In the listing below, start your output at the line with "Indian Pre Wedding Photoshoot Ideas 2016" and end it after the line with "Karma-Horoskop Lebensplan Sarah", copying every line exactly.

> _DATA_:
○ ○ ○ ○ ○
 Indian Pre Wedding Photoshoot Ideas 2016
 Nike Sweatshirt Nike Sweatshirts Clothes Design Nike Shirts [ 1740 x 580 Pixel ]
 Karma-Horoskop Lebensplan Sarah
○ ○ ○ ○ ○
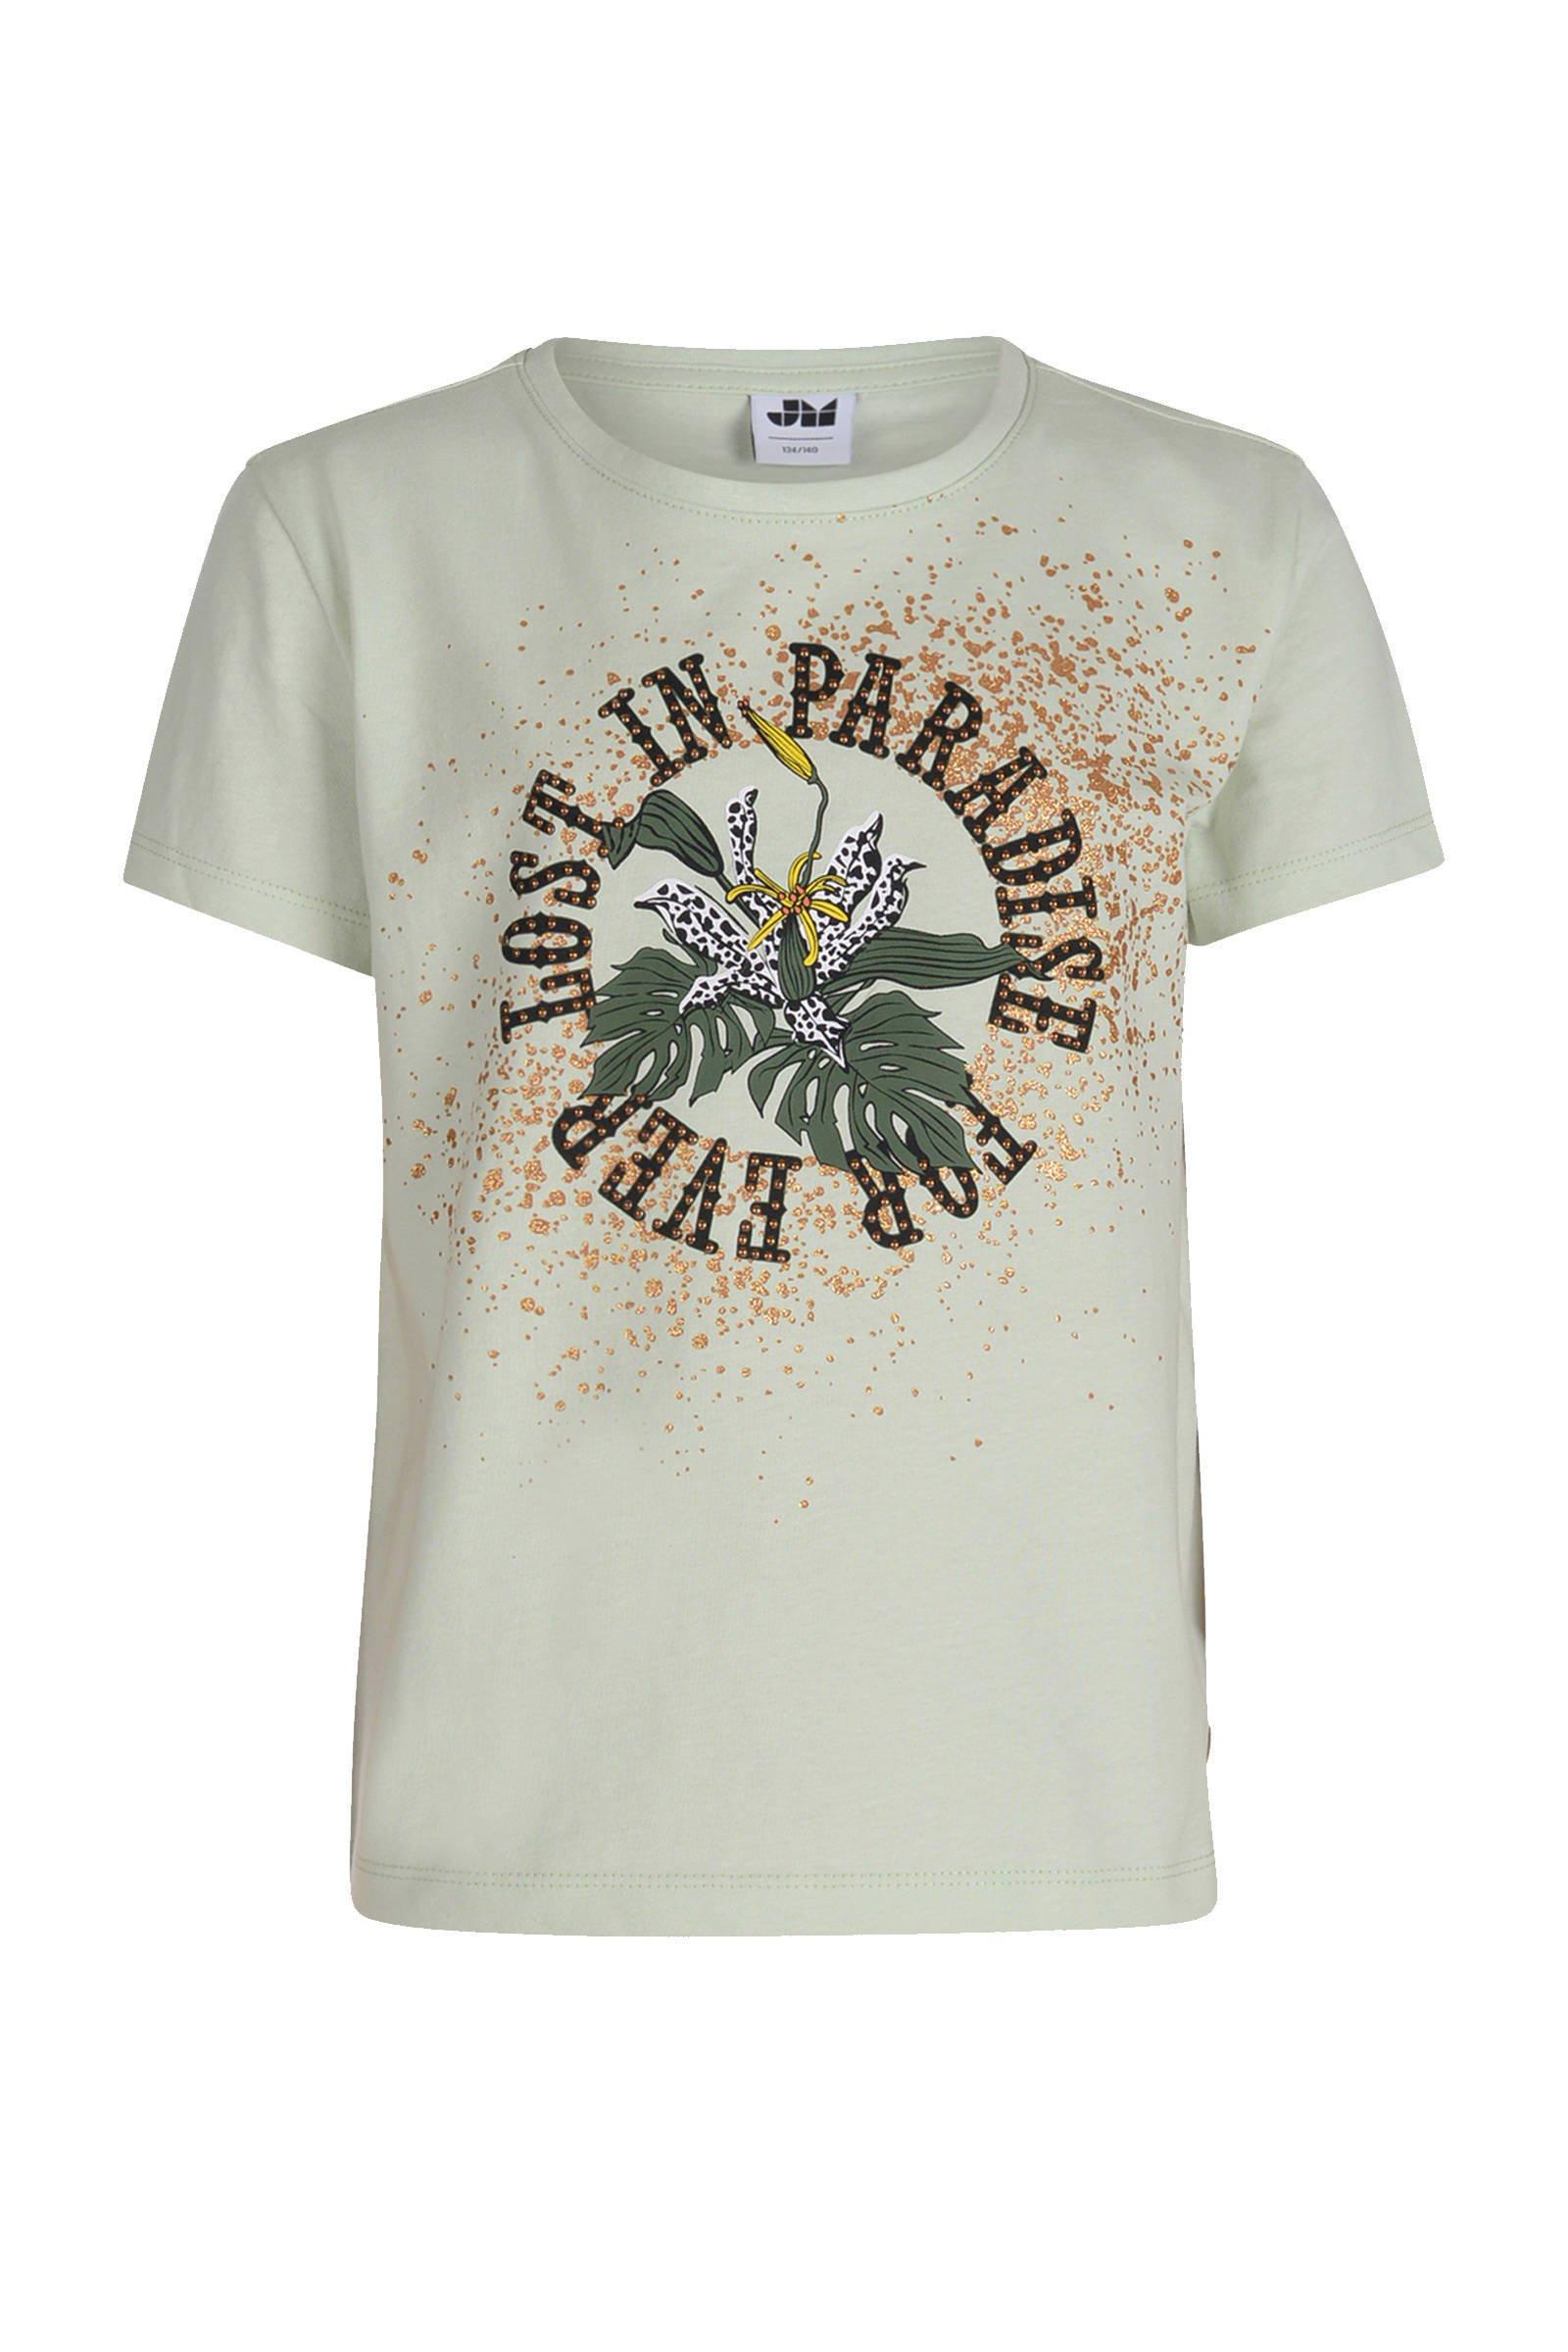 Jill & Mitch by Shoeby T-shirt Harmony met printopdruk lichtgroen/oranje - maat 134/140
○ ○ ○ ○ ○
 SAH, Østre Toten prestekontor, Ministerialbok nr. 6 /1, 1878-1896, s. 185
○ ○ ○ ○ ○
> _FINISHED EXERCISE_:
 Indian Pre Wedding Photoshoot Ideas 2016
 Nike Sweatshirt Nike Sweatshirts Clothes Design Nike Shirts [ 1740 x 580 Pixel ]
 Karma-Horoskop Lebensplan Sarah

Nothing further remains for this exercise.